__Data section__.
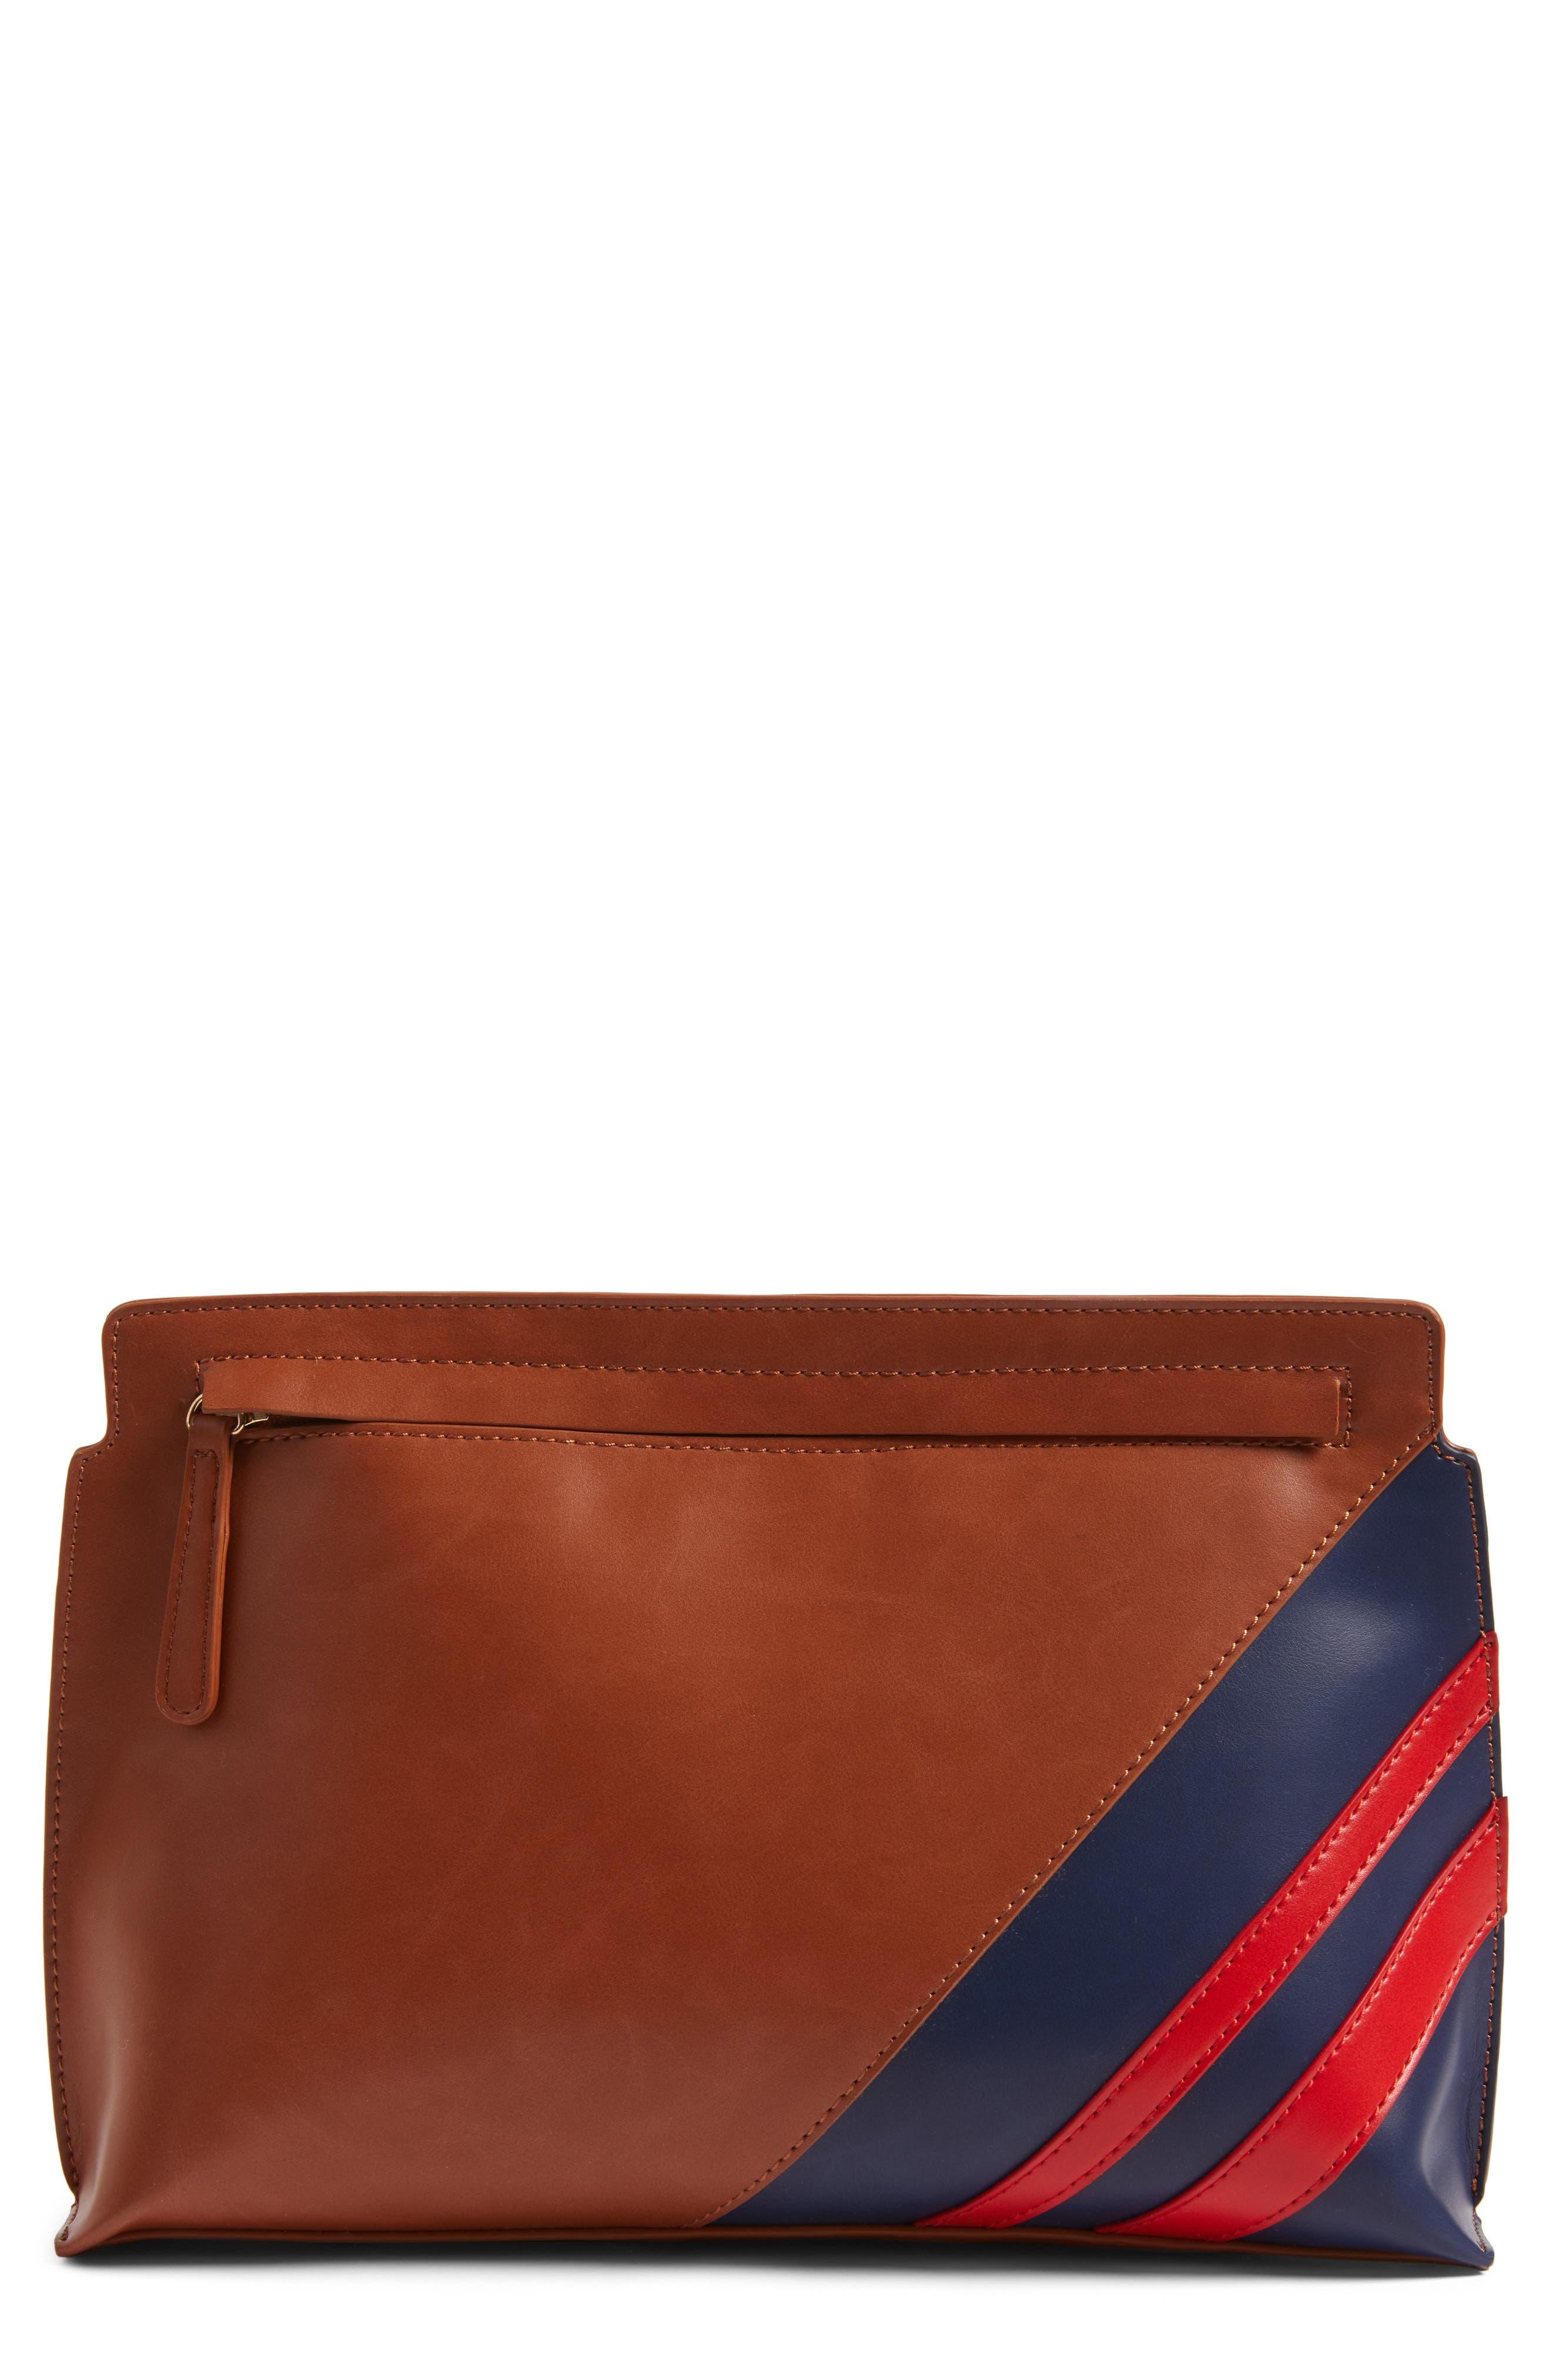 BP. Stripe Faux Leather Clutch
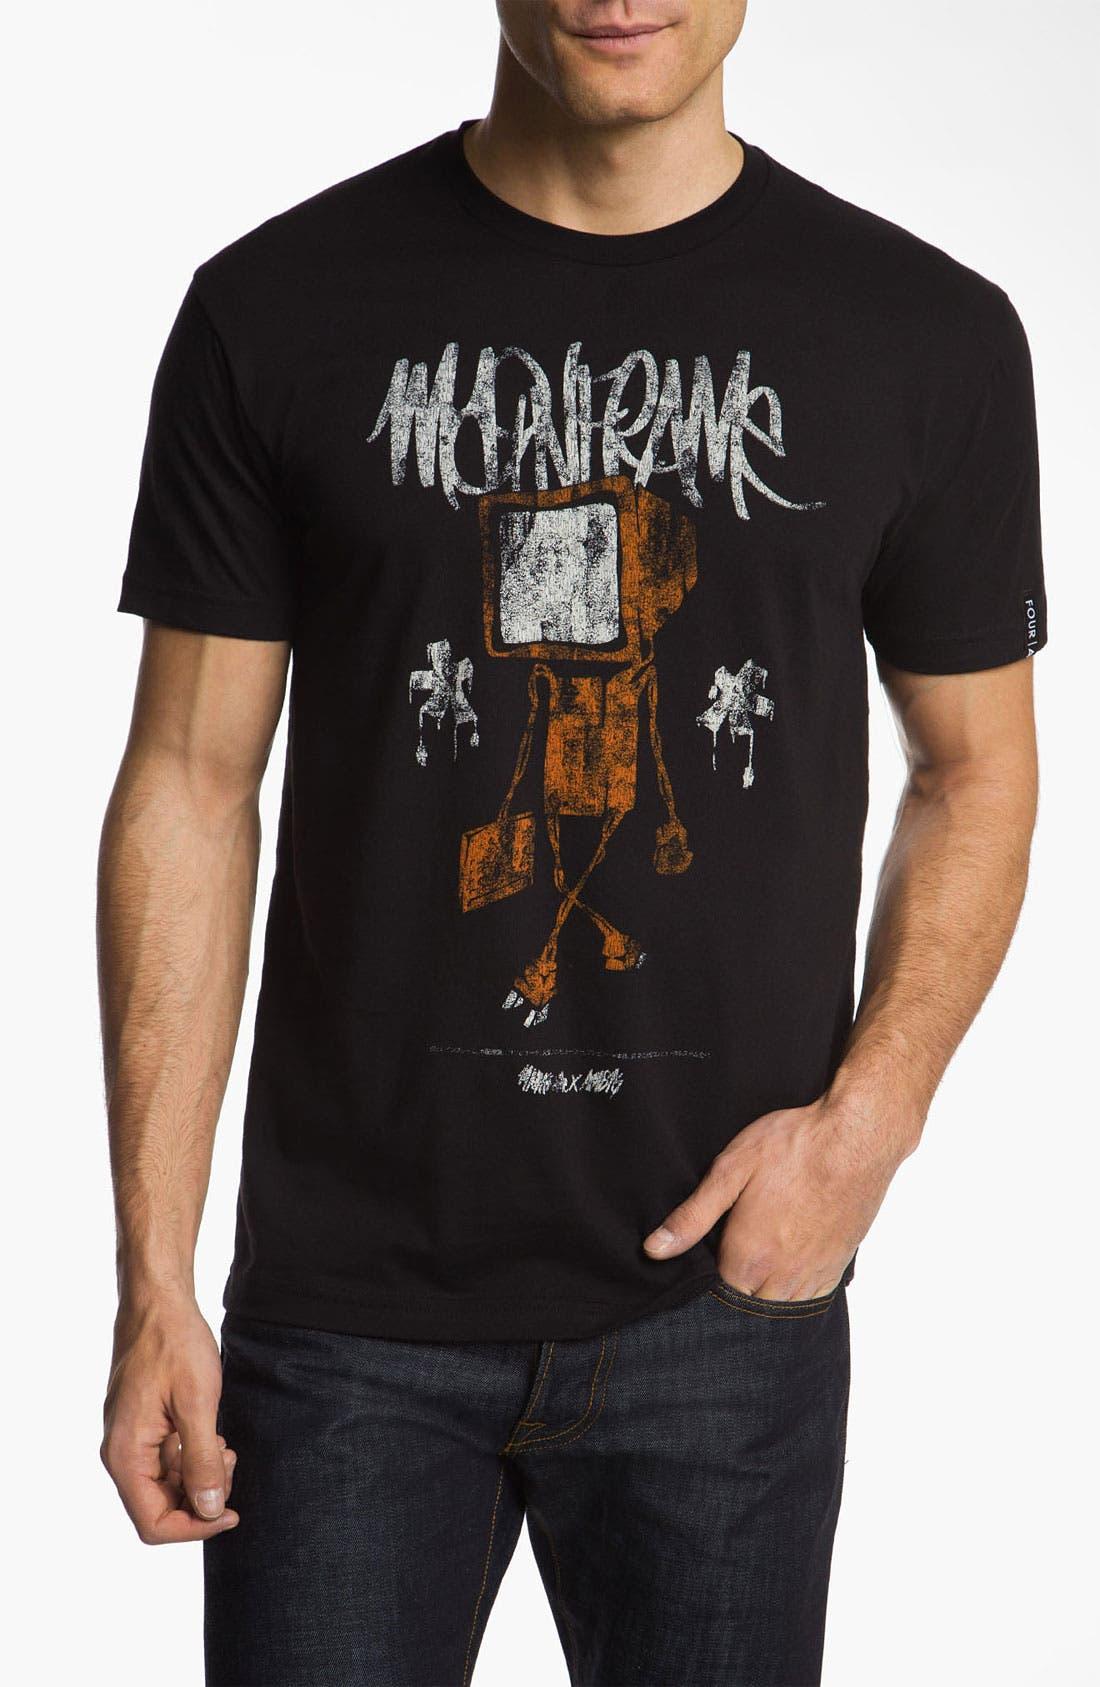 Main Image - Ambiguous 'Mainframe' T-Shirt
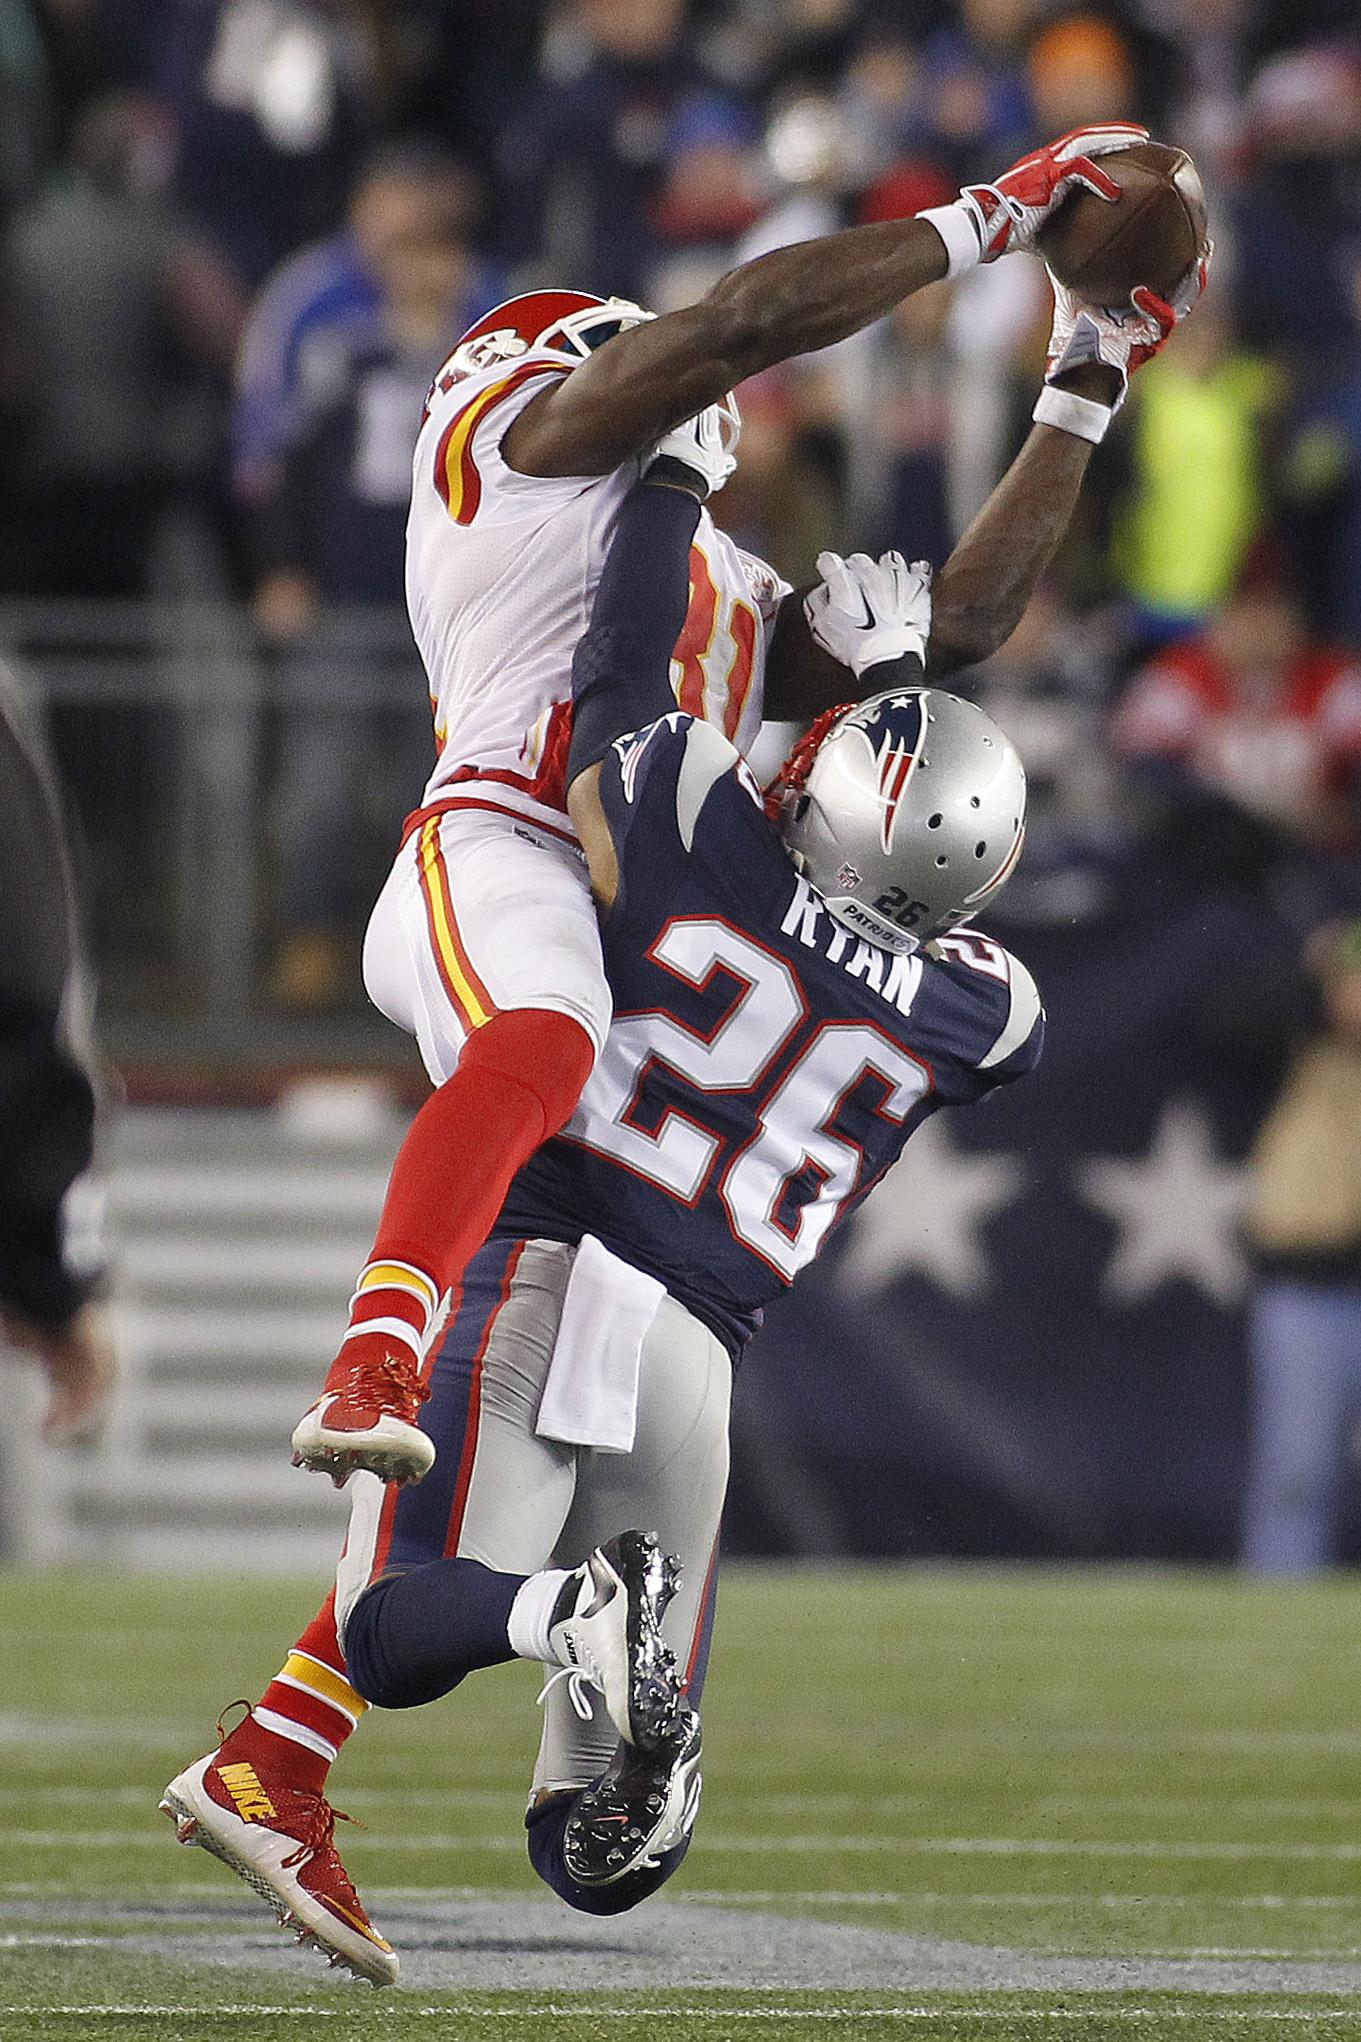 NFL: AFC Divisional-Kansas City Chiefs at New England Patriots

__What you have to do__. Quote the data above in full, leaving out the pictures it holds.

__Problem solution__.
 BP. Stripe Faux Leather Clutch
 Main Image - Ambiguous 'Mainframe' T-Shirt
 NFL: AFC Divisional-Kansas City Chiefs at New England Patriots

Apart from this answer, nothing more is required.